The `scraping_schedule` takes in input the following variables:

* `id_championship`: the identifier of the Championship.
* `ls_turn`: the identifier of the turns (Andata - 2 and Ritorno - 3 in the URL)
* `ls_round`: the number of the single round (from 1 to 15).
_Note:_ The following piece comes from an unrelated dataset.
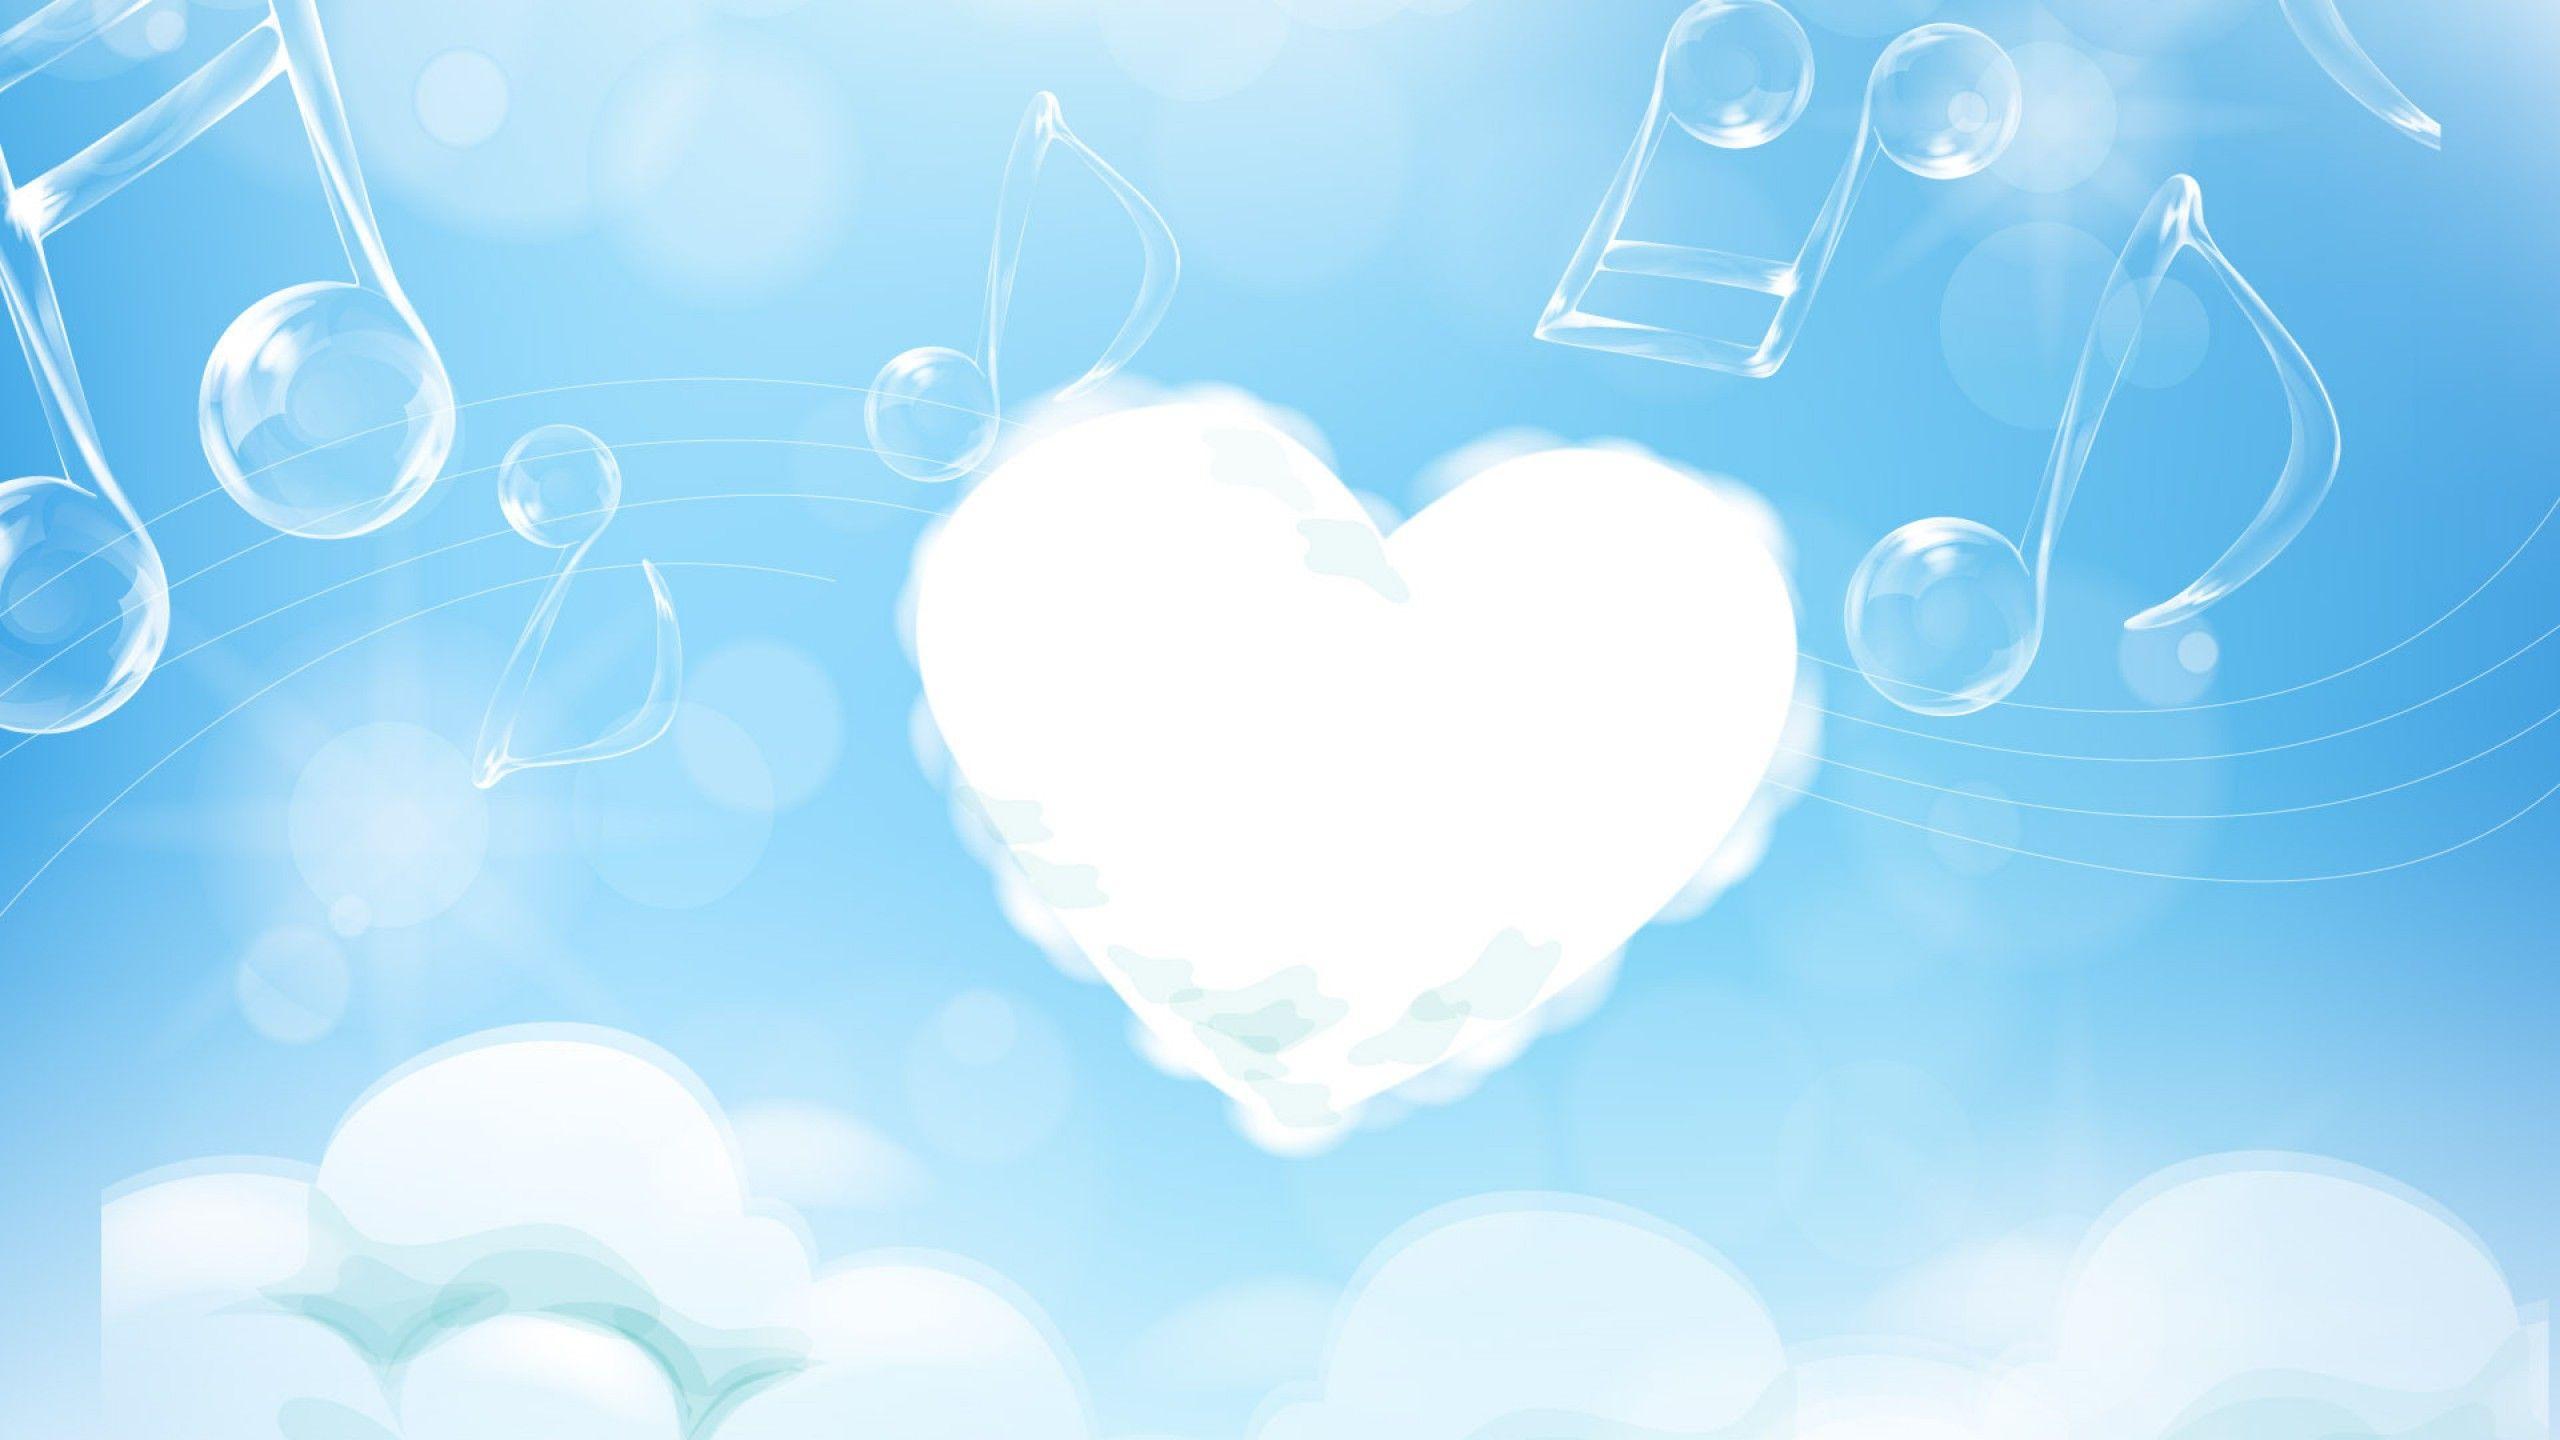 heart,-sheet-of-music,-clouds,-bubbles-205720?no-logo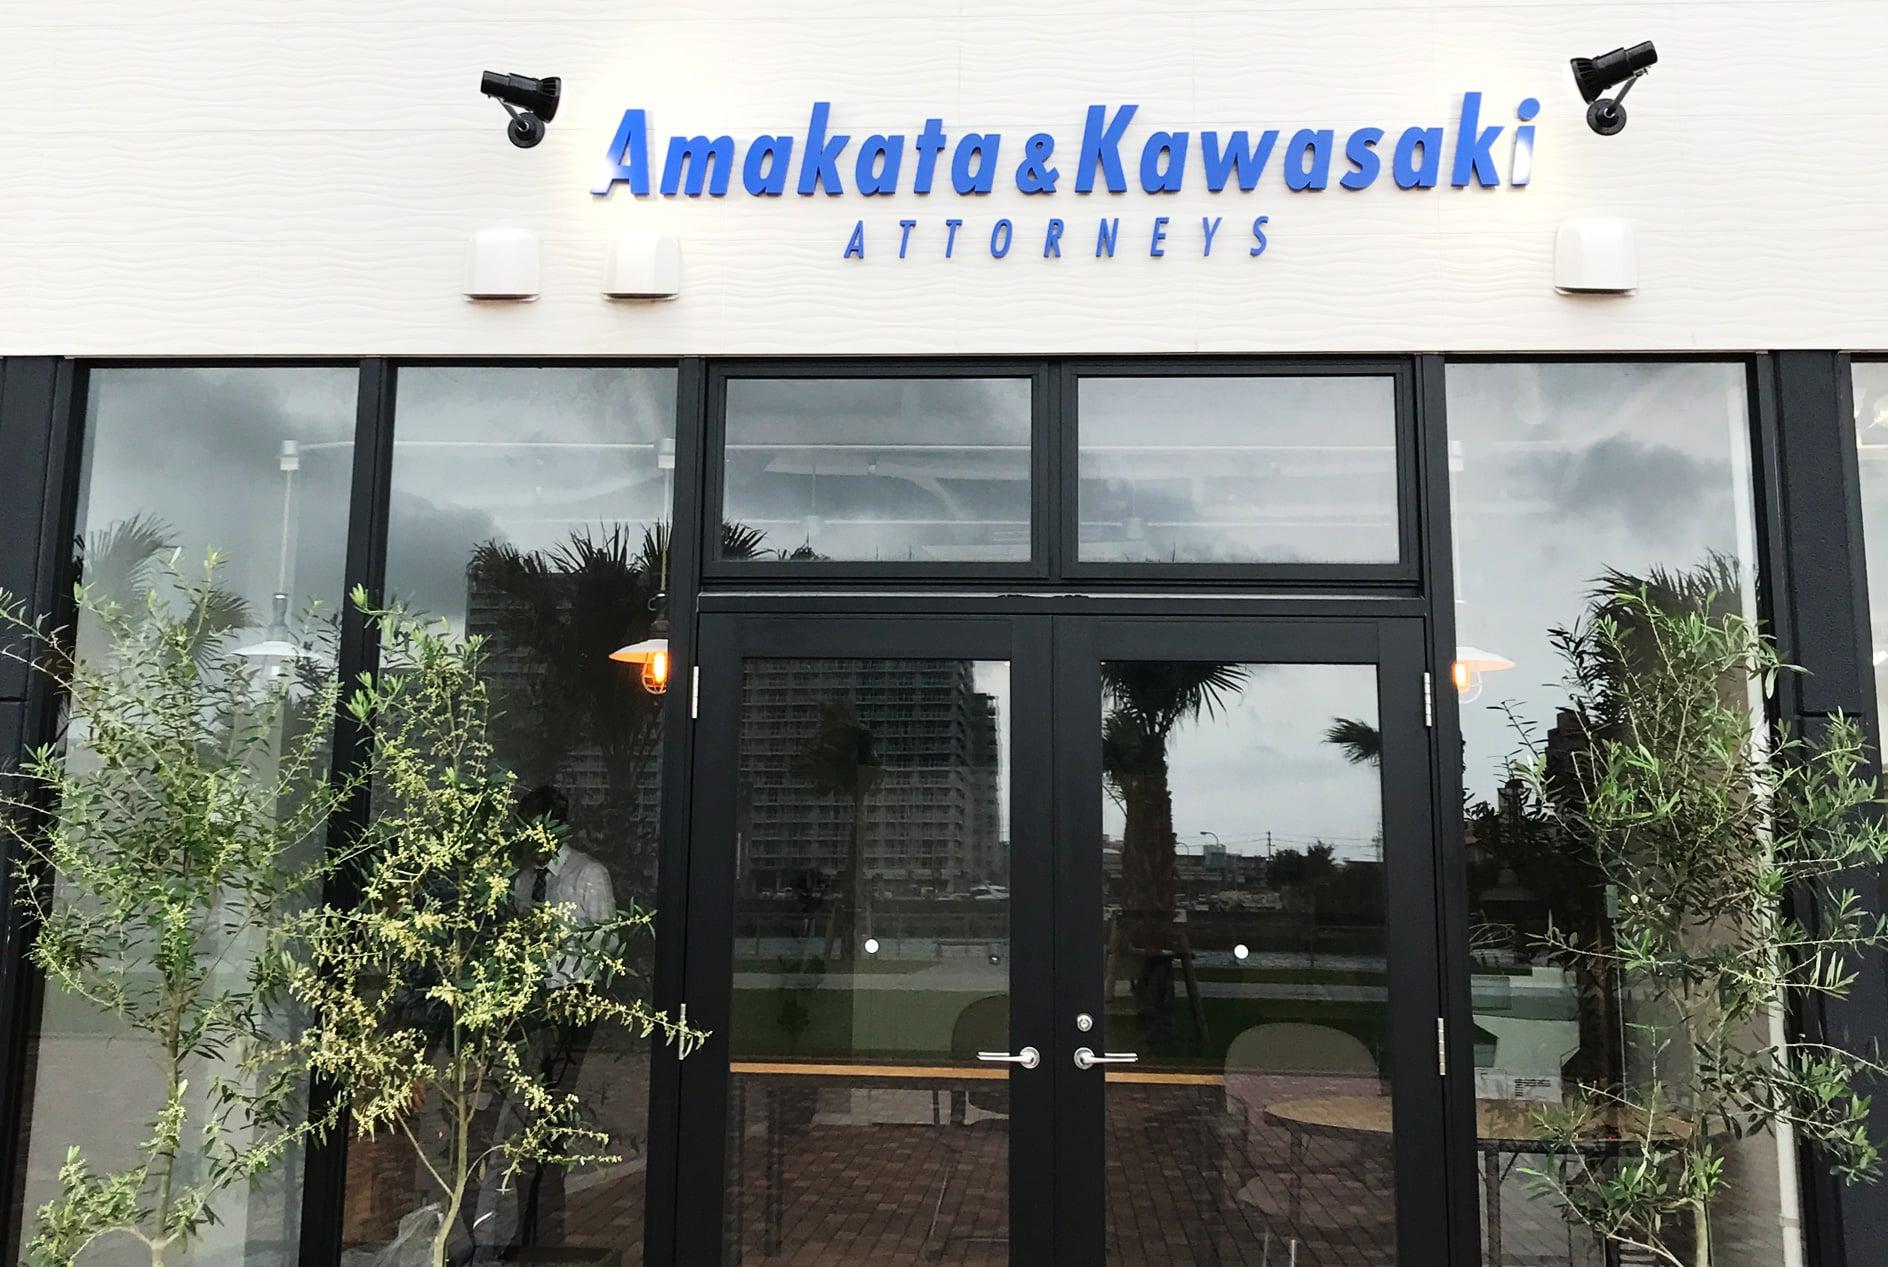 Amakata & Kawasaki

It returns the Dataframe containing all Schedule of the Championship.

In [5]:
def scraping_schedule(id_championship, ls_turn, ls_round):
    
    #-- Disable chained assignments
    pd.options.mode.chained_assignment = None 
    
    #-- Iniziate Empty DataFrame. Then, will be inserted for each ig_game the Game Result
    df_all_schedules  = pd.DataFrame()
    
    for turns in ls_turn:
        print(f"Scraping Round {turns - 1} ...")
        
        for rounds in tqdm(ls_round):
            
            lv_url = f"https://lombardia.italiacanestro.it/Maschile/Calendario?handler=Change&ChampionshipId={id_championship}&TurnId={turns}&TurnNm={rounds}"
            
            df_single_round = scraping_webpage(lv_url, link = "body")[0]
            df_single_round_tidy = pd.DataFrame()
            df_single_round_tidy["Data"] = df_single_round[0][df_single_round.index % 4 == 0].reset_index(drop = True).str.get(0).str.title()
            df_single_round_tidy["Squadra"] = df_single_round[0][(df_single_round.index - 1) % 4 == 0].reset_index(drop = True).str.get(0).str.replace(r'\([^)]*\)', '', regex = True).str.title()
            df_single_round_tidy["Id_Gara"] = df_single_round[0][(df_single_round.index + 2) % 4 == 0].reset_index(drop = True).str.get(1).str.extract(r'(\d+)').astype(int)
            df_single_round_tidy["Risultato"] = df_single_round[1][(df_single_round.index - 1) % 4 == 0].reset_index(drop = True).str.get(0)
            df_single_round_tidy["Avversario"] = df_single_round[2][(df_single_round.index - 1) % 4 == 0].reset_index(drop = True).str.get(0).str.replace(r'\([^)]*\)', '', regex = True).str.title()
            df_single_round_tidy["Girone"] = turns - 1
            df_single_round_tidy["Turno"] = rounds
            df_single_round_tidy.head()
            
            #-- Concat Games
            df_all_schedules = pd.concat([df_all_schedules, df_single_round_tidy])
            
    return df_all_schedules

### Standings

In [6]:
def scraping_standings(id_calendar):
    
    lv_url = f"https://lombardia.italiacanestro.it/Maschile/Calendario?id={id_calendar}"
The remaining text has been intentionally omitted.